Наконец подниматься еще выше стало просто невозможно, и тогда она убедила себя, что не видит желанной цели из-за серых рассветных сумерек. Вот появятся первые лучи солнца, озарят окрестности как следует, и там, за вершинами, блеснет гладкая, похожая на мокрую рыбу, спина океана. Когда солнце взошло, вдалеке действительно засверкало так, что обжигало глаза. Это отбрасывал блики снег на склонах.

К тому же, просидев на холодном ветру несколько часов, она обнаружила, что все тело стало непослушным и каким-то деревянным. И теперь она не могла уже слезть обратно вниз.

Сиротка сделала то, что и любая маленькая девочка на ее месте. Она набрала в легкие побольше воздуха и оглушительно завизжала.


Алекс, помогая себе зубами, затянул узел на повязке, сделанной впопыхах на плече из обрывков собственной рубашки. Оборотническое излечение, конечно, уже начало свою работу, но все-таки требовалось время, чтобы все ожоги и язвы от соприкосновения с насквозь пропитанным магией воздухом сумеречного мира сошли на нет. Ветер, гуляющий по коридорам, донес до его слуха детский визг.

Он пошел на звук, попутно заглядывая в комнаты: монахи, монахини, послушники — все лежали вповалку, кто на полу, кто на кроватях, и спали мертвецким сном. За окном вовсю разворачивался день, в такое время монастырь уже должен жужжать как улей, жить нелегкой жизнью усердного труда и молитв. Не иначе, как без вмешательства высших сил тут не обошлось.

Он оказался в монастырском дворе в тот самый момент, когда Эльза, в неказистом одеянии послушницы, с растрепанными волосами, покорно подходила к ведьмаку. Они находились у самого подножия тропинки, ведущей по опасному склону в гору. Детский визг не прекращался, но Алекс позволил себе смотреть на девочку, каким-то чудом забравшуюся высоко на скалу, не дольше секунды. Ему нельзя сейчас размякать и поддаваться отцовским чувствам — ведьмак уж точно не станет этого делать.

Подхватив ком снега, Алекс скатал снежок. В горячих ладонях он чуть оплавился, превращаясь в опасный ледяной шар. Убить таким сложно, но чтобы отвлечь, выиграть драгоценные секунды, хватит. Удара в висок Алан не ожидал, потому покачнулся и на миг отвлекся от жертвы. Этого хватило, чтобы преодолеть последние метры, но все же не до конца. Один жест ведьмака — и Эльза застыла статуей, вперив пустой взгляд в пространство.

Алекс ринулся на противника. От хлесткого удара в переносицу Алан по-девчачьи взвизгнул, отшатнулся, зажимая разбитый нос рукой. Алекс тенью навис над Эльзой и, схватив за худые плечи, встряхнул и оттолкнул в сторону. Он знал, что от резкого вмешательства оцепенение спадет, и когда Эль заморгала, нервно ощупывая себя руками, на сердце отлегло: справилась.

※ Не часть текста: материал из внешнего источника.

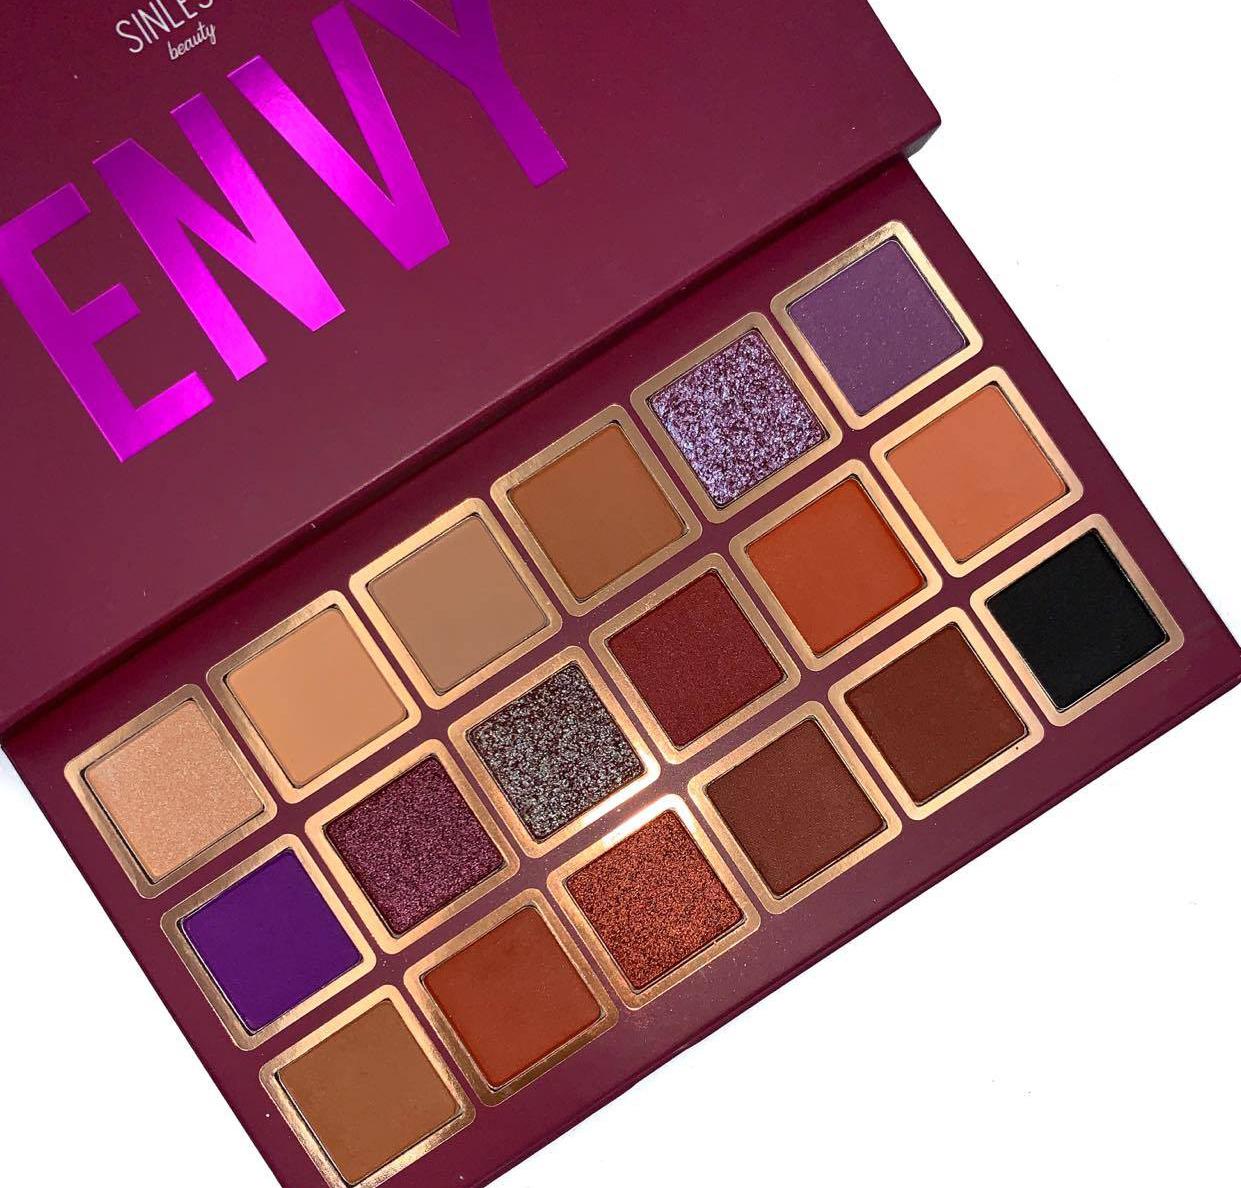 ENVY sinless $ 220.00

— Спаси дочь, — крик Алекса захлебнулся хрипом. От огненного удара вышибло дыхание, опаленная ткань вплавилась в кожу. Рухнув на колени, он стиснул зубы, а ведьмак уже готовил новое заклятье.

— Отродье темного бога, — кинувшись вперед, Алекс сбил противника с ног.

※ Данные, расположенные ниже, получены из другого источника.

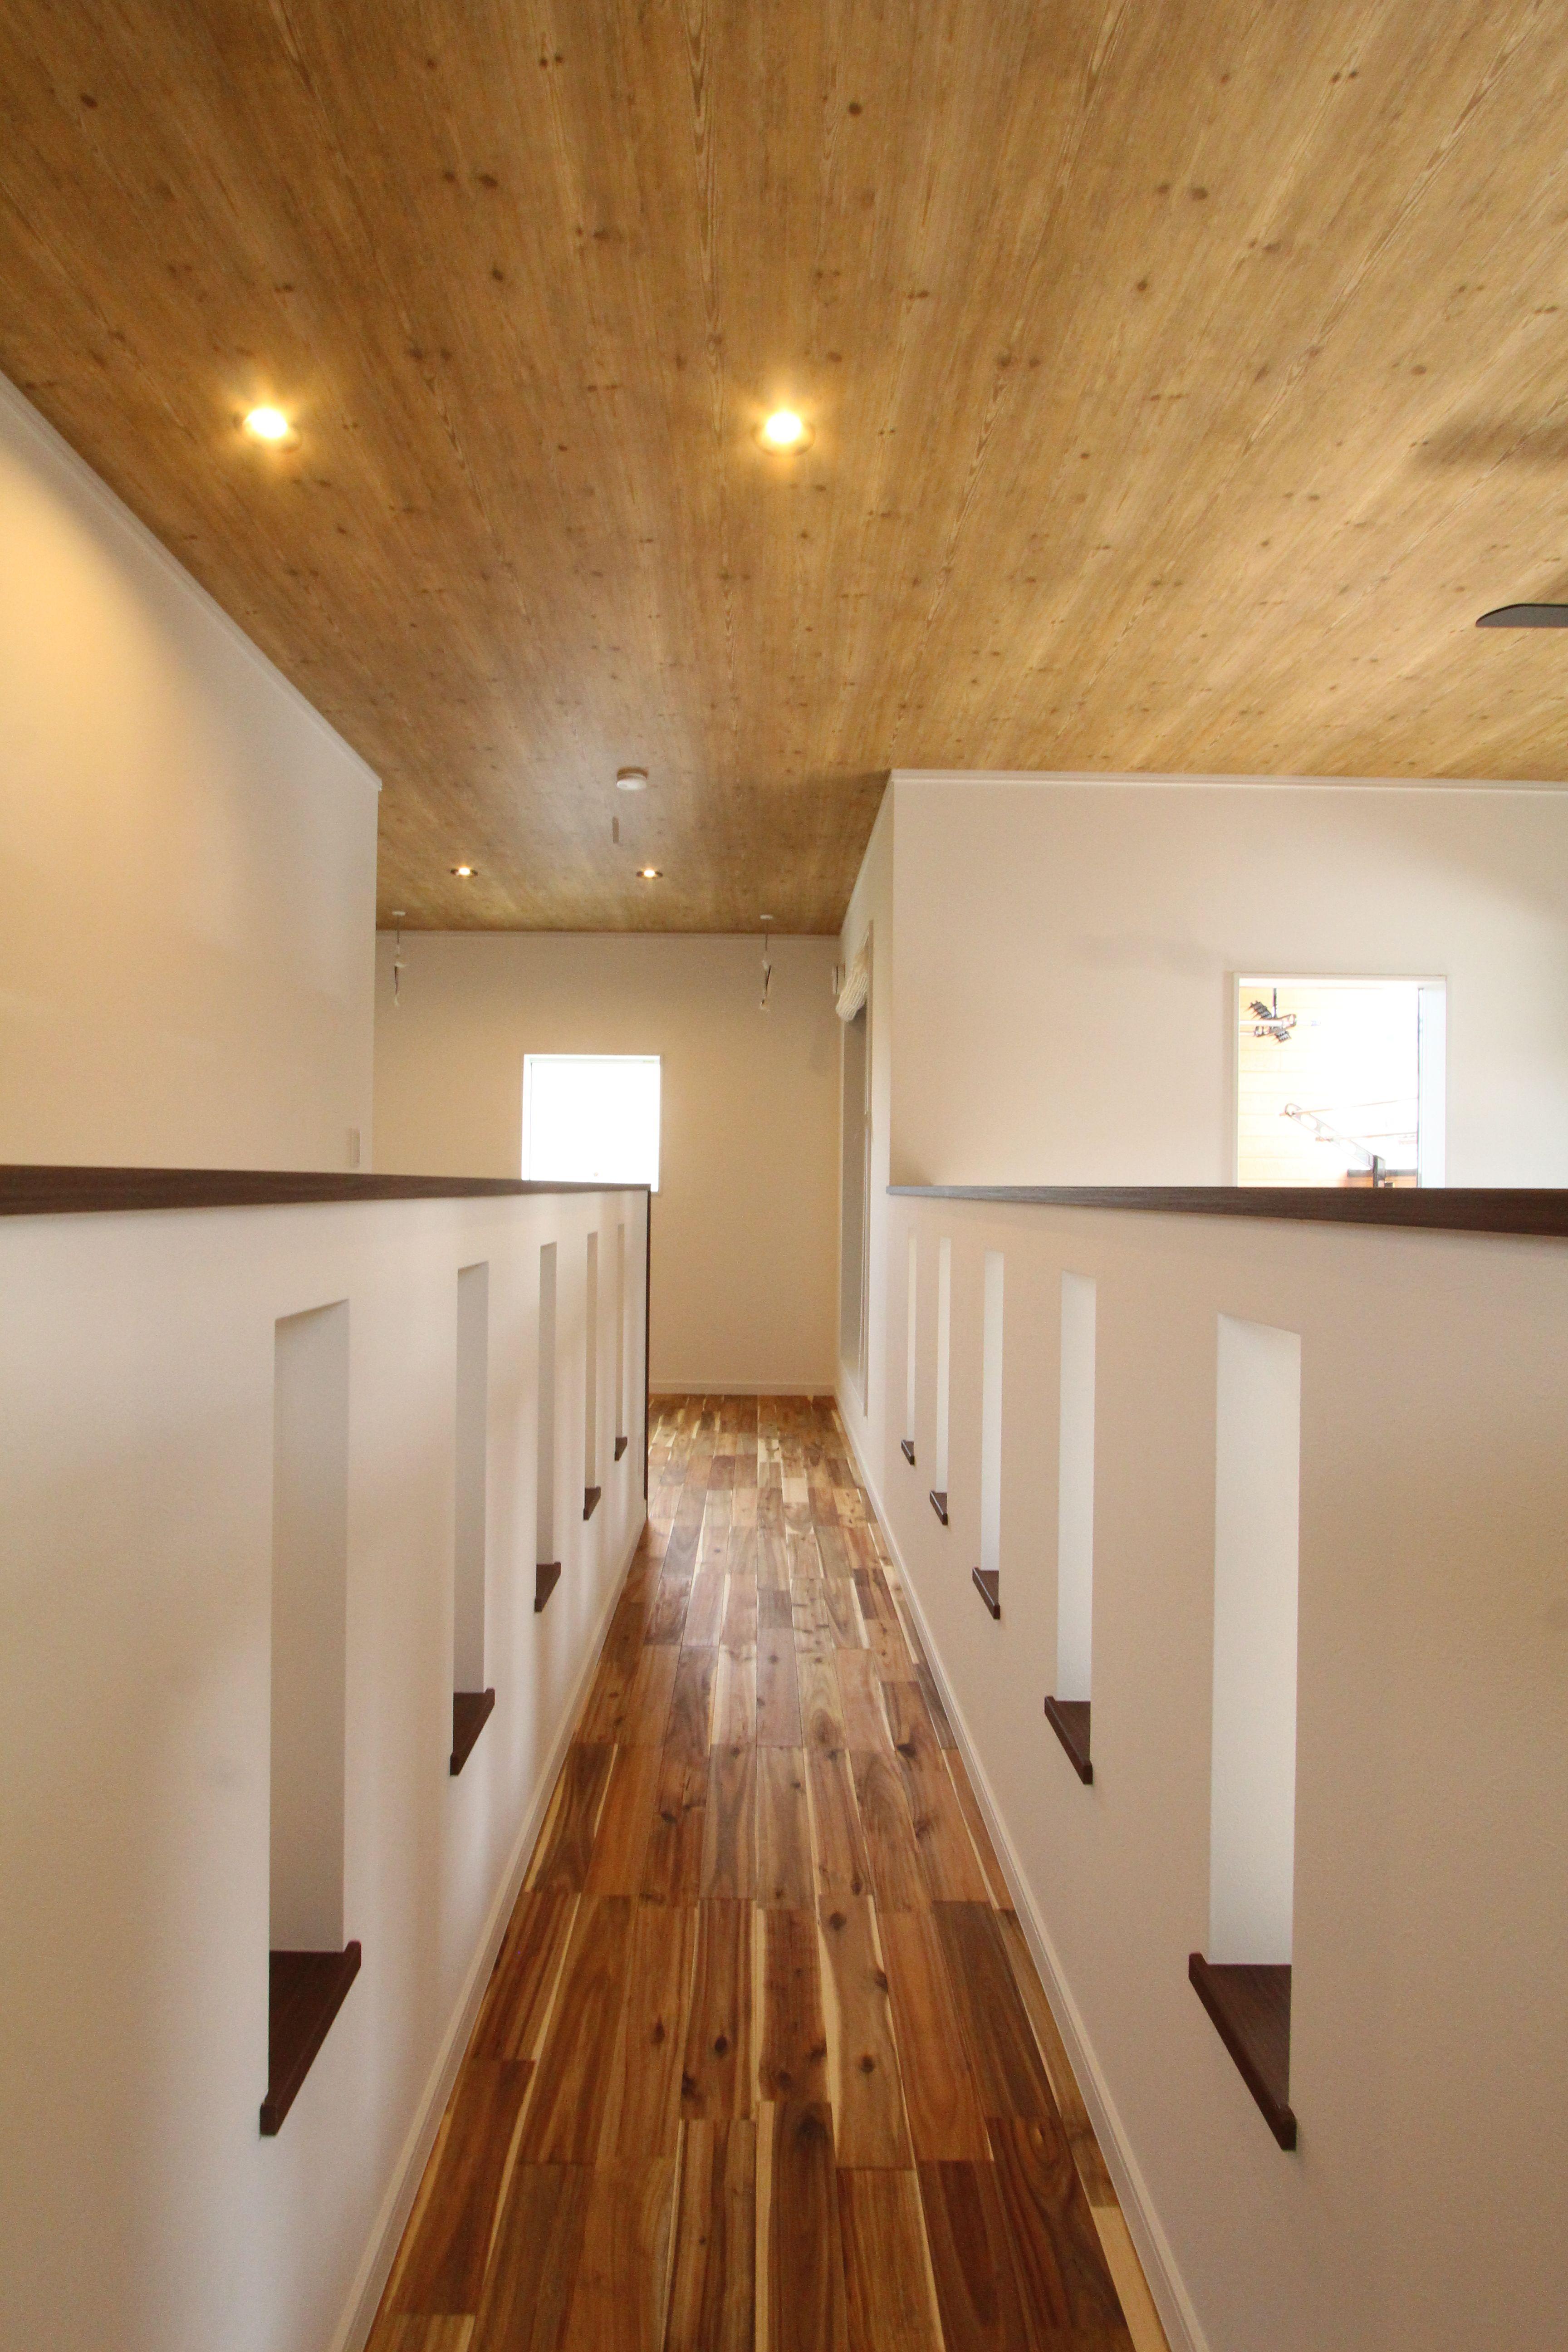 2階ブリッジ 木目天井 アカシア無垢材 家 2階 インテリア

Вцепившись в мужчину, как клещ, Алекс бил, бил и бил, стесывая кулаки в кровь. Но упертый ведьмак отчаянно сопротивлялся, раздавая не менее болезненные удары. В голове звенело, а глаза давно залило кровью, смешанной с талым грязным снегом. На зубах противно хрустел невесть откуда взявшийся песок.

Внезапно острая боль пронзила висок, и Алекс провалился в темноту.

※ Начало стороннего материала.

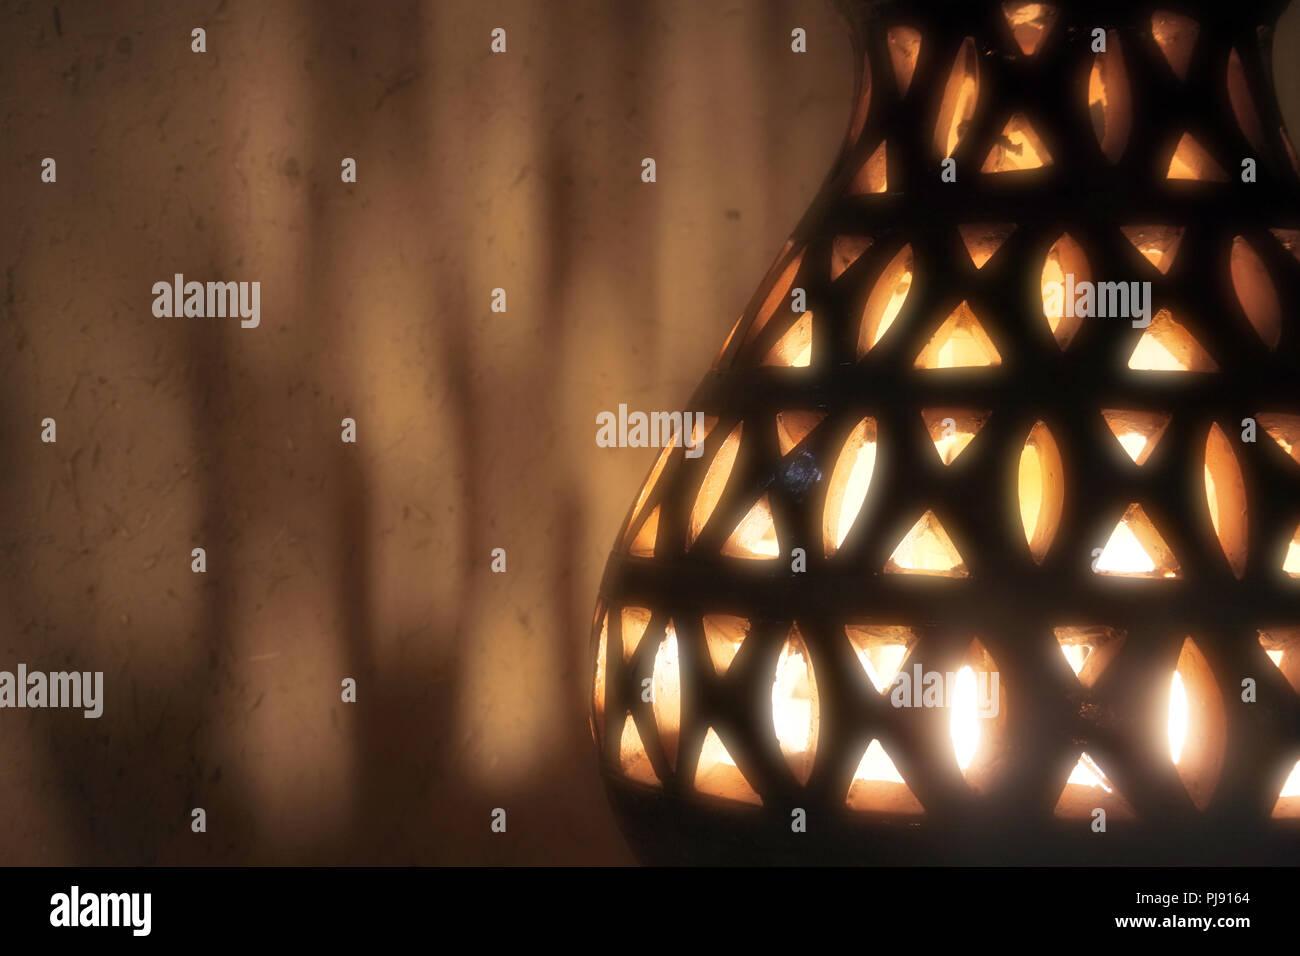 Heritage,Arabic,Old,Vintage ,Lantern,Glow,Lamp, Dark,Light, Shadow,Arabic Lantern,Arabic Lamp - Stock Image

Мощный кар Димитрия на полном ходу атаковал не менее мощные монастырские ворота. Железо покорежилось почти всмятку, густой дым тут же повалил из-под капота, а в створках преграды не появилось даже самой незначительной бреши. Впрочем, Димитрий умел получать удовольствие и от малого, поэтому с довольной улыбкой отстегнул ремень безопасности, выбрался через разбитое окно наружу — дверь кара уже было не открыть, так погнуло корпус — взобрался на крышу, а оттуда ему уже ничего не стоило подтянуться и перемахнуть створку ворот. Вот где пригодились детские умения лазать по обрывистым карнизам.